You’ll see a lot of flora and fauna at the zoo. People? Not so much.

Let’s be clear right up front: going to the Woodland Park Zoo in the Year of Our Lord 2020 is not what it used to be back before we ever heard the word “coronavirus.” For starters, you have to reserve your visit online and purchase your tickets for a specific time. My wife and I chose Friday, September 11 (a date that will always be etched in my psyche as an American) for an available time slot of 10:30. We left our home in Mount Vernon right after breakfast that morning and enjoyed a relaxing (you heard that right) drive to the Emerald City with plenty of time to find our way to the Zoo’s west (and currently only) entrance on Phinney St. 
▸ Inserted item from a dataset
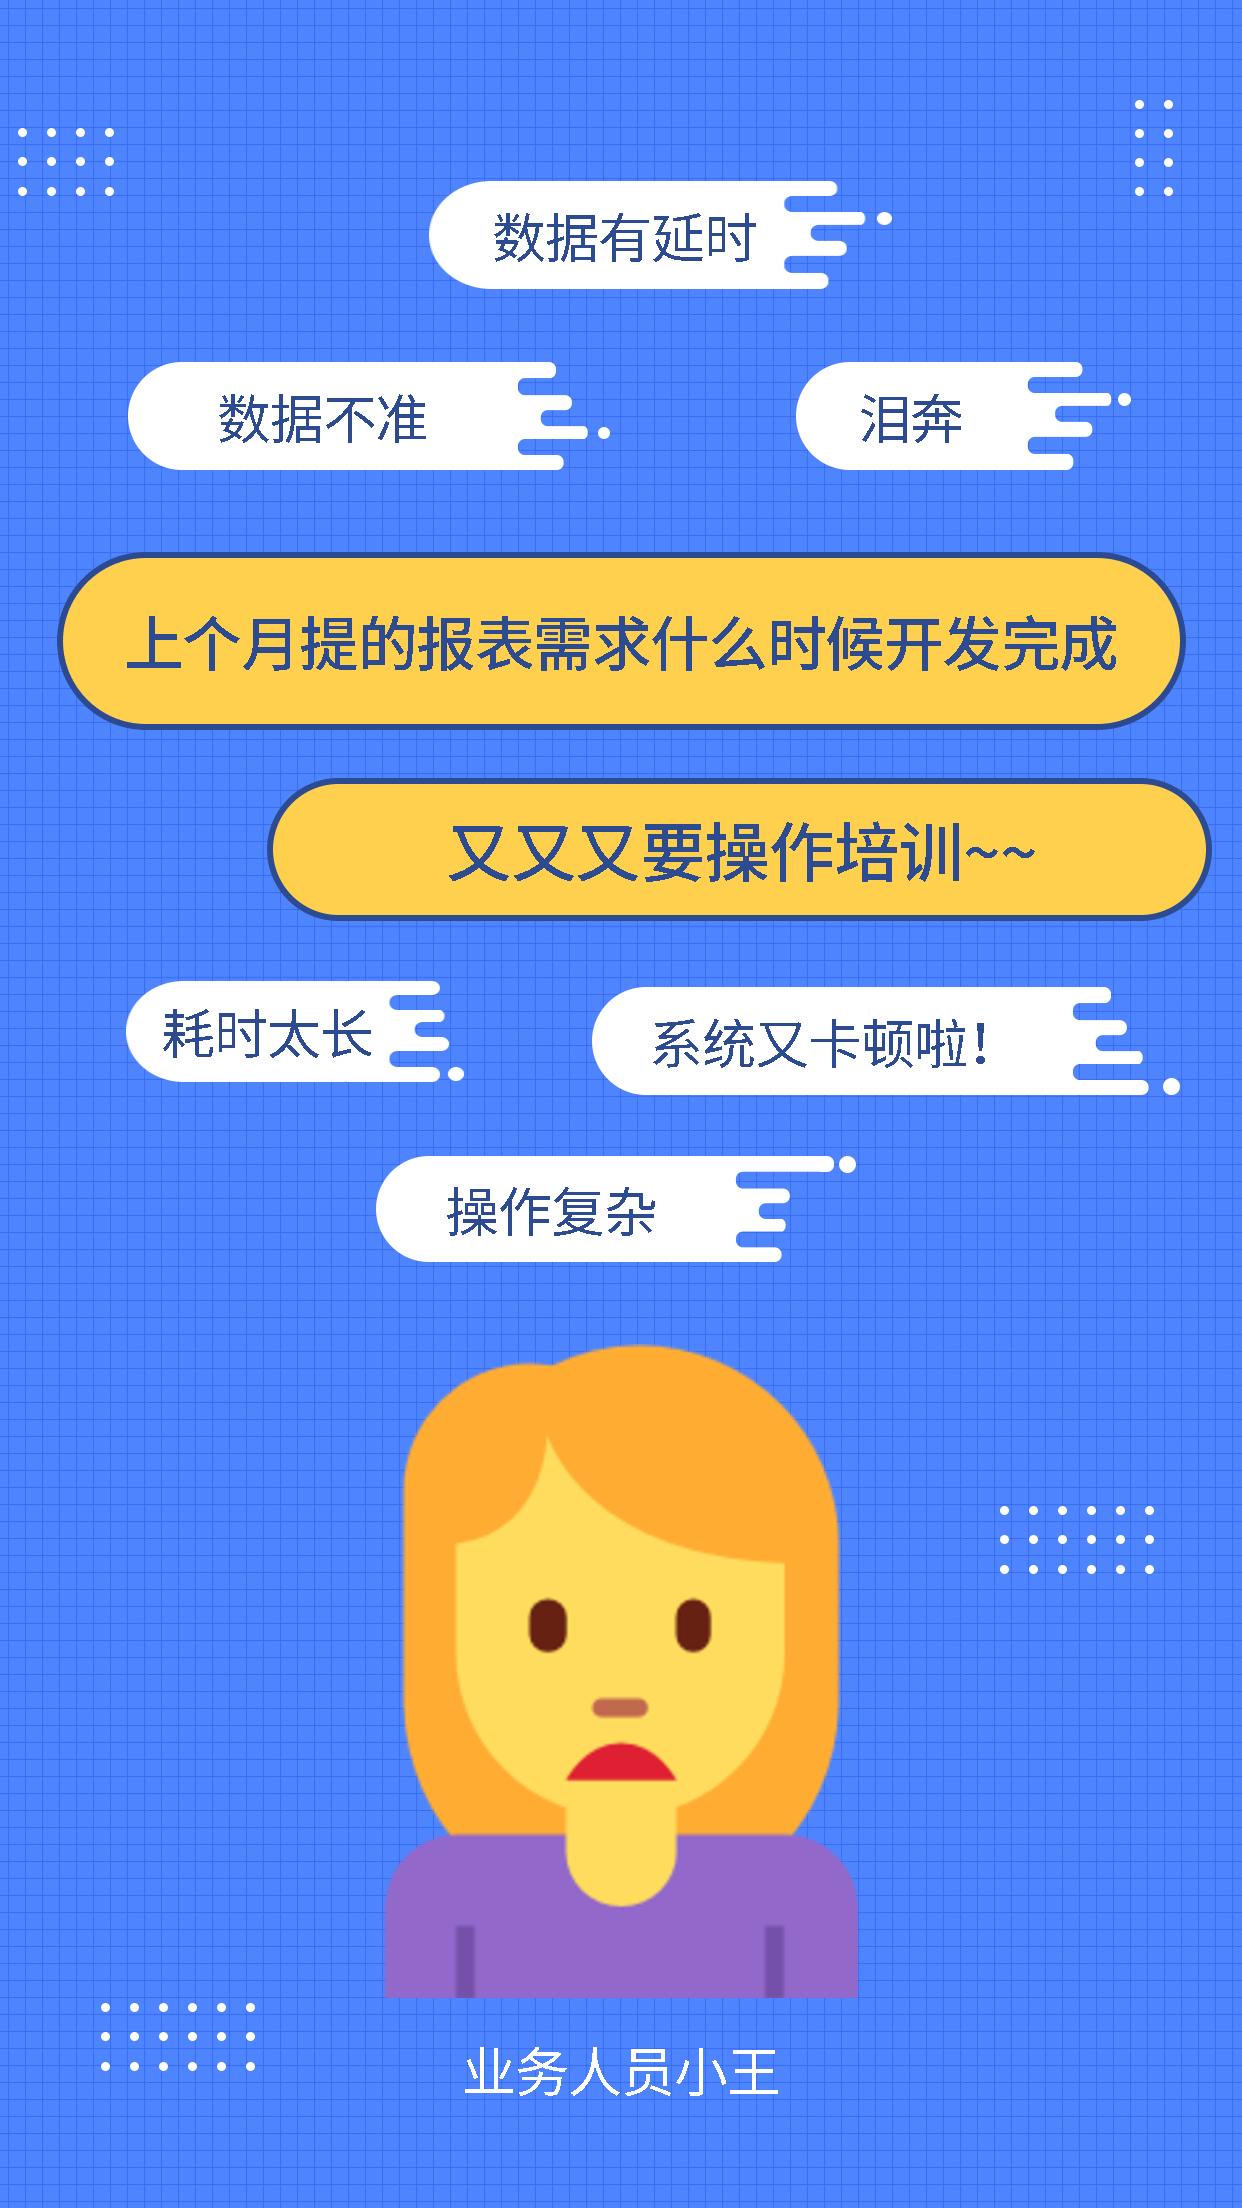 创意优惠促销搞怪表情包手机海报 (1).jpg
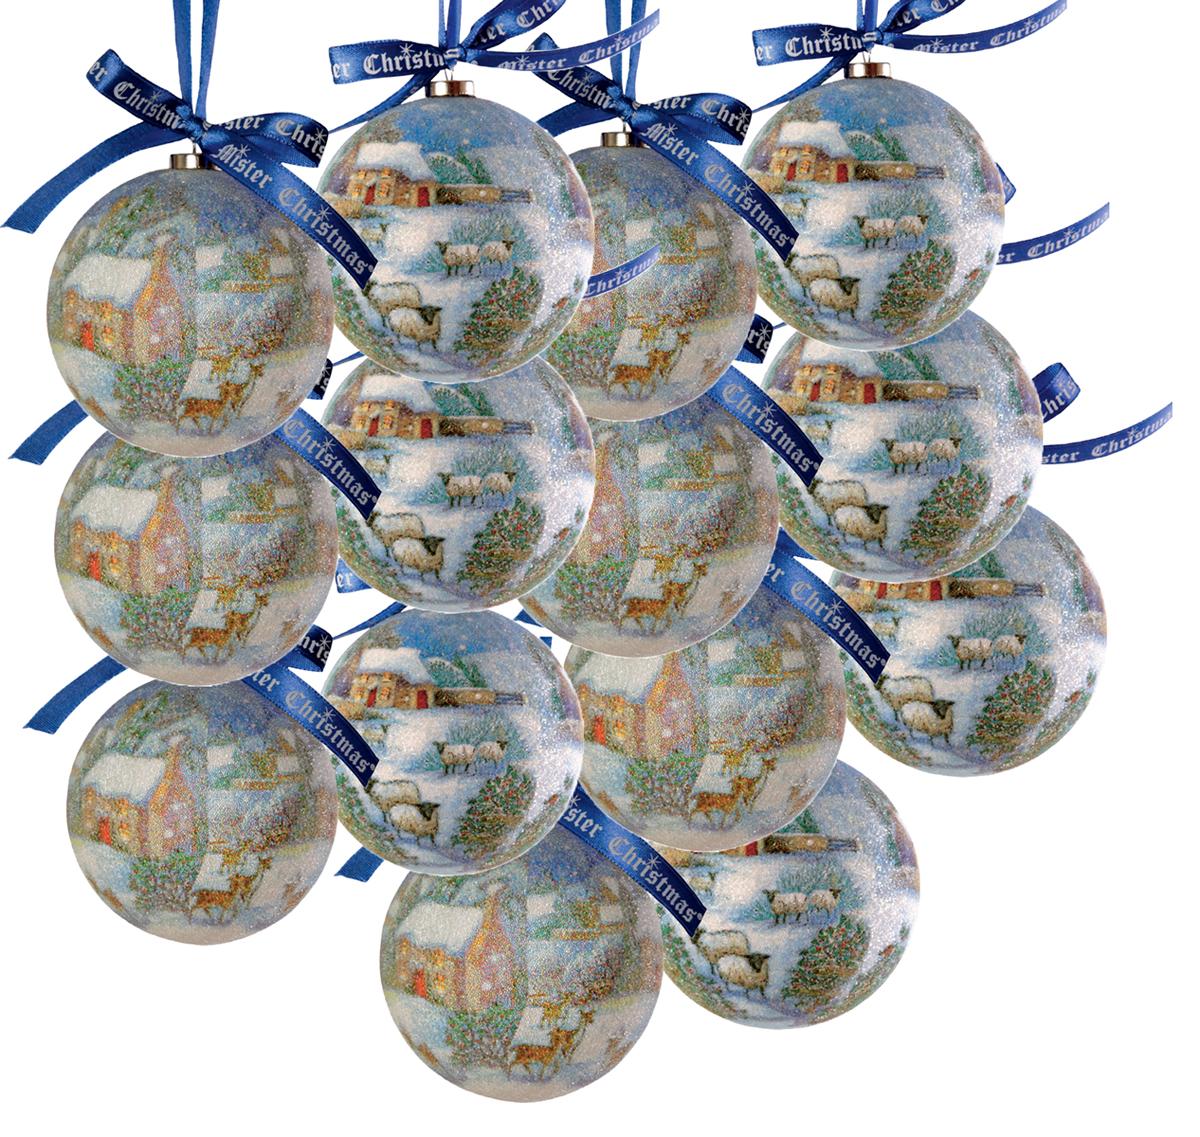 Набор новогодних подвесных украшений Mister Christmas  Папье-маше , диаметр 7,5 см, 14 шт. PM-12-14 -  Украшения

Speaking of Phinney, here’s a quick segue to a little Zoo History 101 for the uninitiated — in which camp I would include myself. I wish I’d had Wikipedia in high school!

Guy C. Phinney was a lumber mill owner and real estate developer who did quite well for himself in the Emerald City, thank you very much. His estate, known today as Woodland Park, included a small menagerie. Six years after his death in 1899, his wife sold the 188-acre estate to the city of Seattle for $5,000 in cash and the assumption of its $95,000 mortgage. The deal was not without controversy. The mayor at the time, W.D. Wood, vetoed the sale ($95,000 still isn’t chump change), but was eventually overruled by the city council. Like the Louisiana Purchase and Seward’s Folly, the investment has subsequently paid rich dividends to the taxpayers who funded it. Sometimes governments get it right. Even a broken clock is correct twice a day.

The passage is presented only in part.